Current standard workflows of ultrasound (US)-guided needle insertion require physicians to use their both hands: holding the US probe to locate interested areas with the non-dominant hand and the needle with the dominant hand. This is due to the separation of functionalities for localization and needle insertion. This requirement does not only make the procedure cumbersome, but also limits the reliability of guidance given that the positional relationship between the needle and US images is unknown and interpreted with their experience and assumption.
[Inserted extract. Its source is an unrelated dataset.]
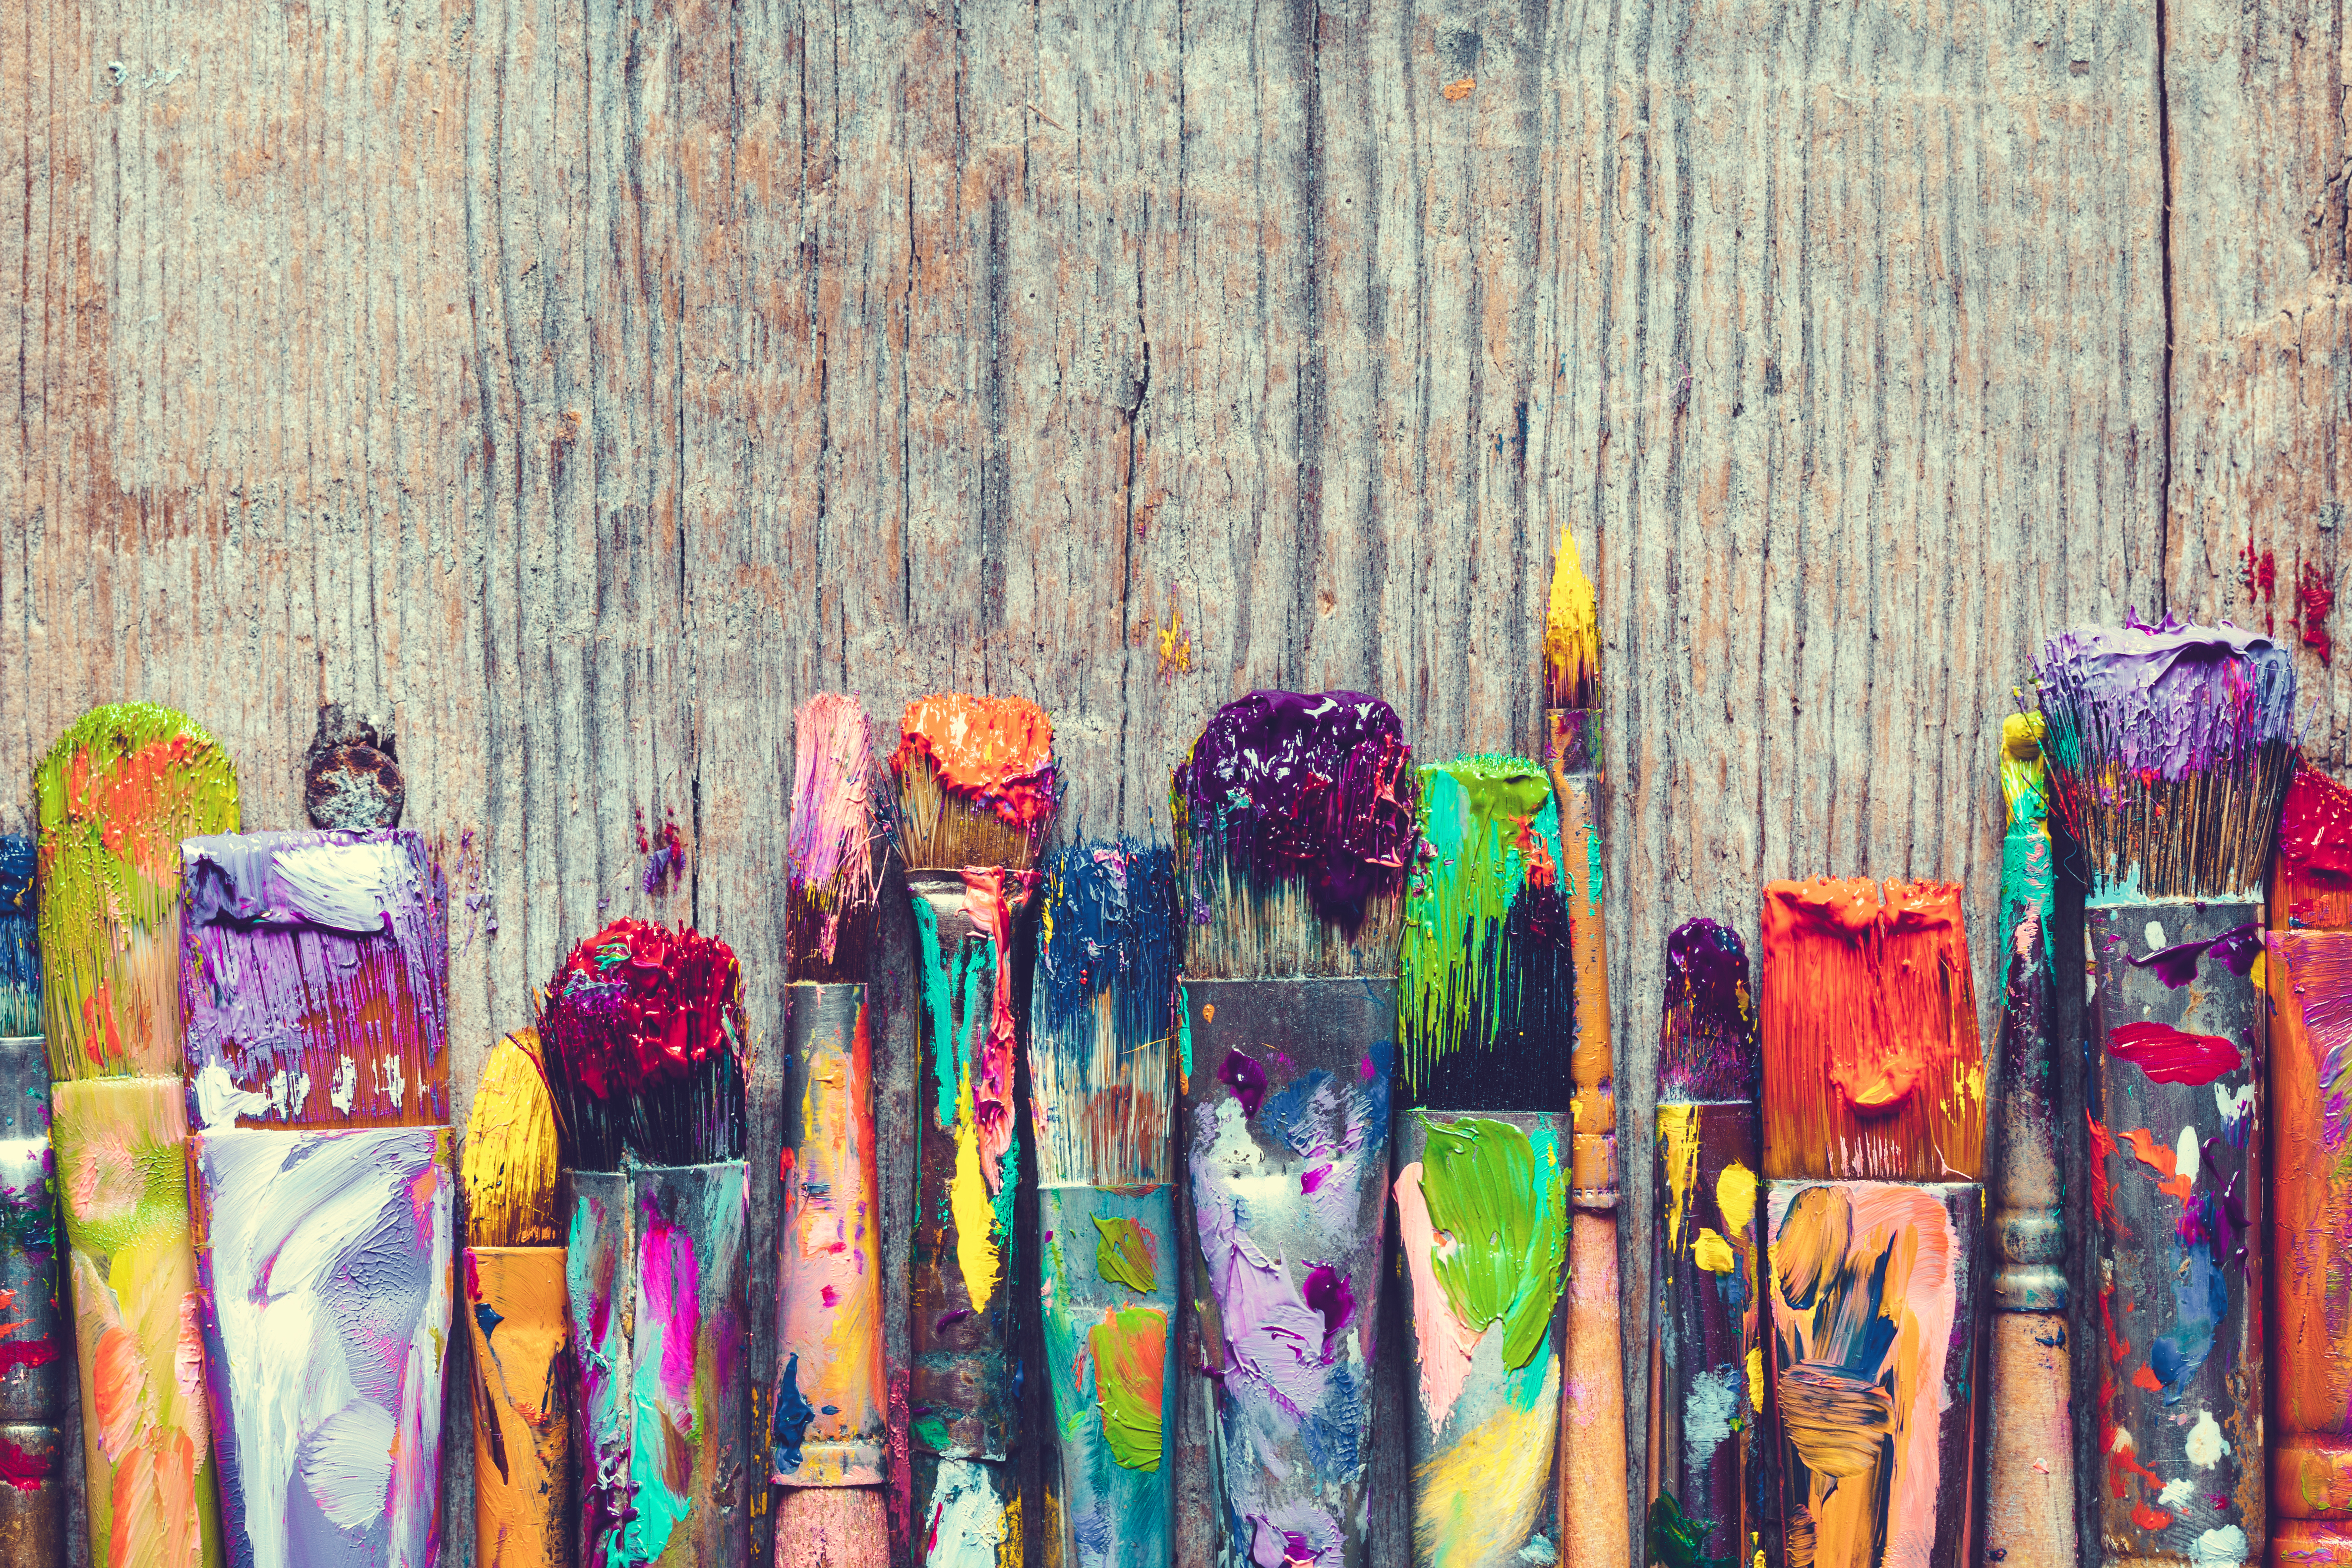 Our Customers’ Top 10 Favourite Art Supplies
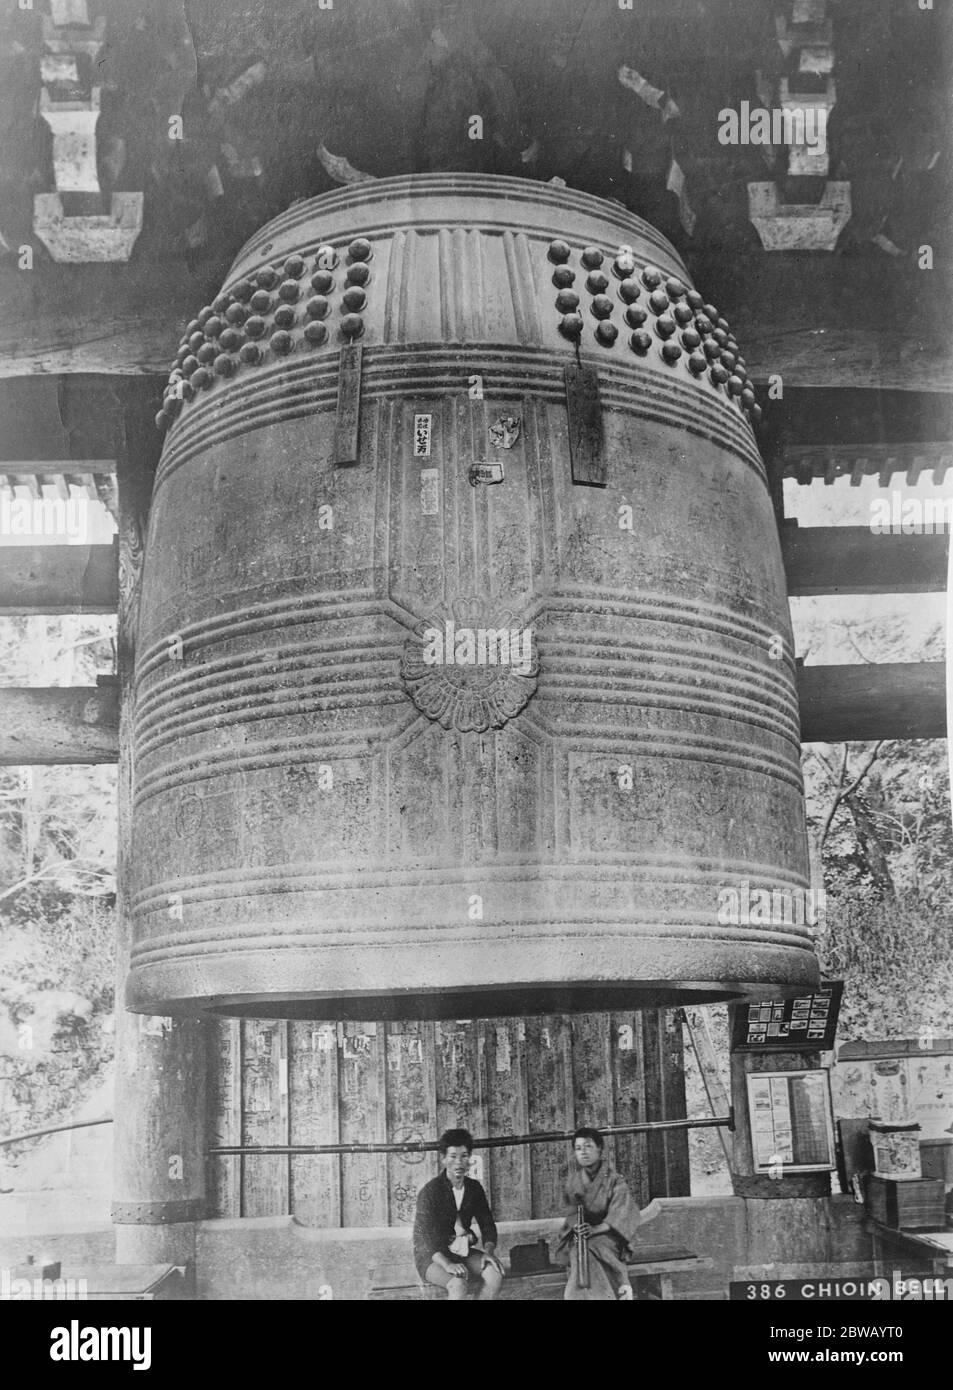 Kioto / Kyoto . The largest suspended bell in the world Hanging in the grounds of the Chion in Temple it weighs 63 tons and is 14 feet in height and 9 feet in diameter 20 April 1922 Stock Photo

Although the US-guided needle insertion may be assisted through navigation systems, recovery of the positional relationship between the needle and US images requires the usage of external tracking systems and image-based tracking algorisms that may involve the registration inaccuracy. Therefore, there is an unmet need for the solution that provides a simple and intuitive needle localization and insertion to improve the conventional US-guided procedure. In this work, we propose a new device concept solution based on the ring-arrayed forward-viewing (RAF) ultrasound imaging system. The proposed system is comprised with ring-arrayed transducers and an open whole inside the ring where the needle can be inserted. The ring array provides forward-viewing US images, where the needle path is always maintained at the center of the reconstructed image without requiring any registration. As the proof of concept, we designed single-circle ring-arrayed configurations with different radiuses and visualized point targets using the forward-viewing US imaging through simulations and phantom experiments. The results demonstrated the successful target visualization and indicates the ring-arrayed US imaging has a potential to improve the US-guided needle insertion procedure to be simpler and more intuitive.